Однажды я вернулся из колледжа — а их, мамы и Снейпа, не было. И вернулся Снейп один. И долго сидел на кухне, до самого утра, а я не мог спать и ждал, скорчившись у стены. Он не сразу заметил меня, когда вышел; долго стоял ко мне спиной, и только когда я вскочил на ноги, он обернулся. От него пахло виски и потерей, и мне очень хотелось, чтобы он заорал. А он молчал.

У меня тогда в горле странно запершило, и я даже не назвал его сэром.

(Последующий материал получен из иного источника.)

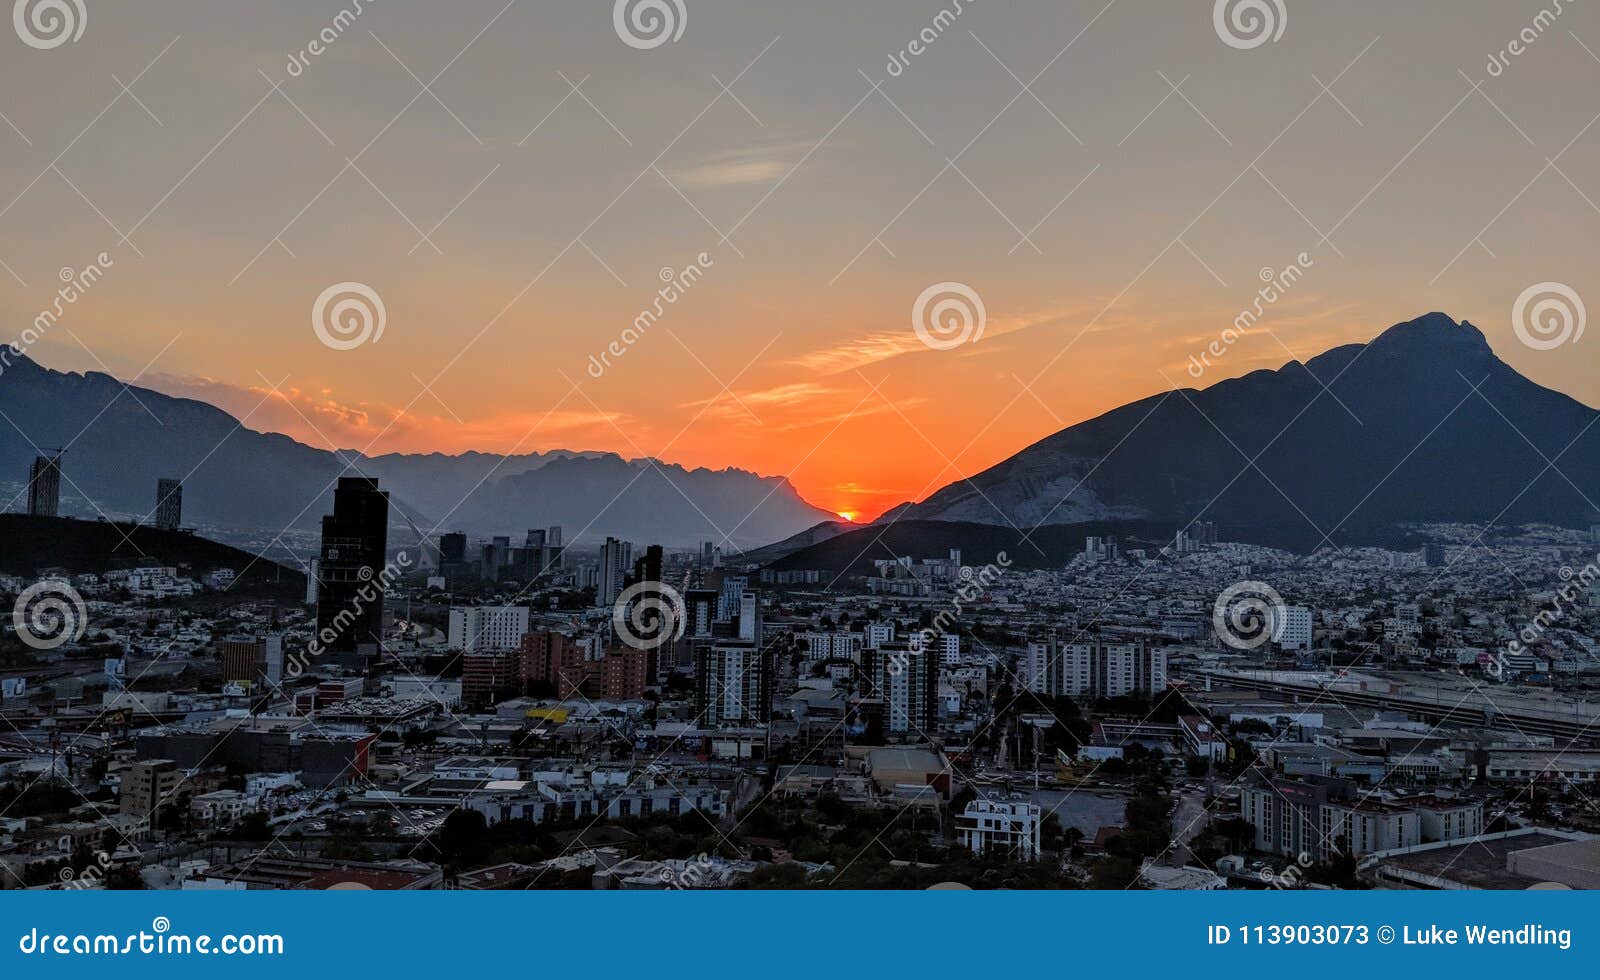 sunset over monterrey, mexico

Я запретил ему рассказывать мне, что с ней случилось. Вернее, и не слушал — схватил кроссовки и сбежал, и долго шлялся по набережной, и выстуживал горло под мартовским лондонским ветром, и потом, конечно, заболел, а он на кой-то чёрт притащил мне уйму лекарств и велел лечиться.

Я не лечился назло — ему и себе. И кашлял, кашлял, кашлял; когда от кашля шумело в ушах, в моих висках переставала звенеть могильная тишина нашего всегда оживлённого дома.

На похороны я идти не собирался. Сказал ему: что мне там делать в чёрном костюме, а, профессор? То есть тогда мне казалось, что я это сказал, а на деле, наверное, промямлил, давясь сухими спазмами. Он ещё посмотрел на меня странно и тяжело, а потом отвернулся. И бросил: хорошо, не иди.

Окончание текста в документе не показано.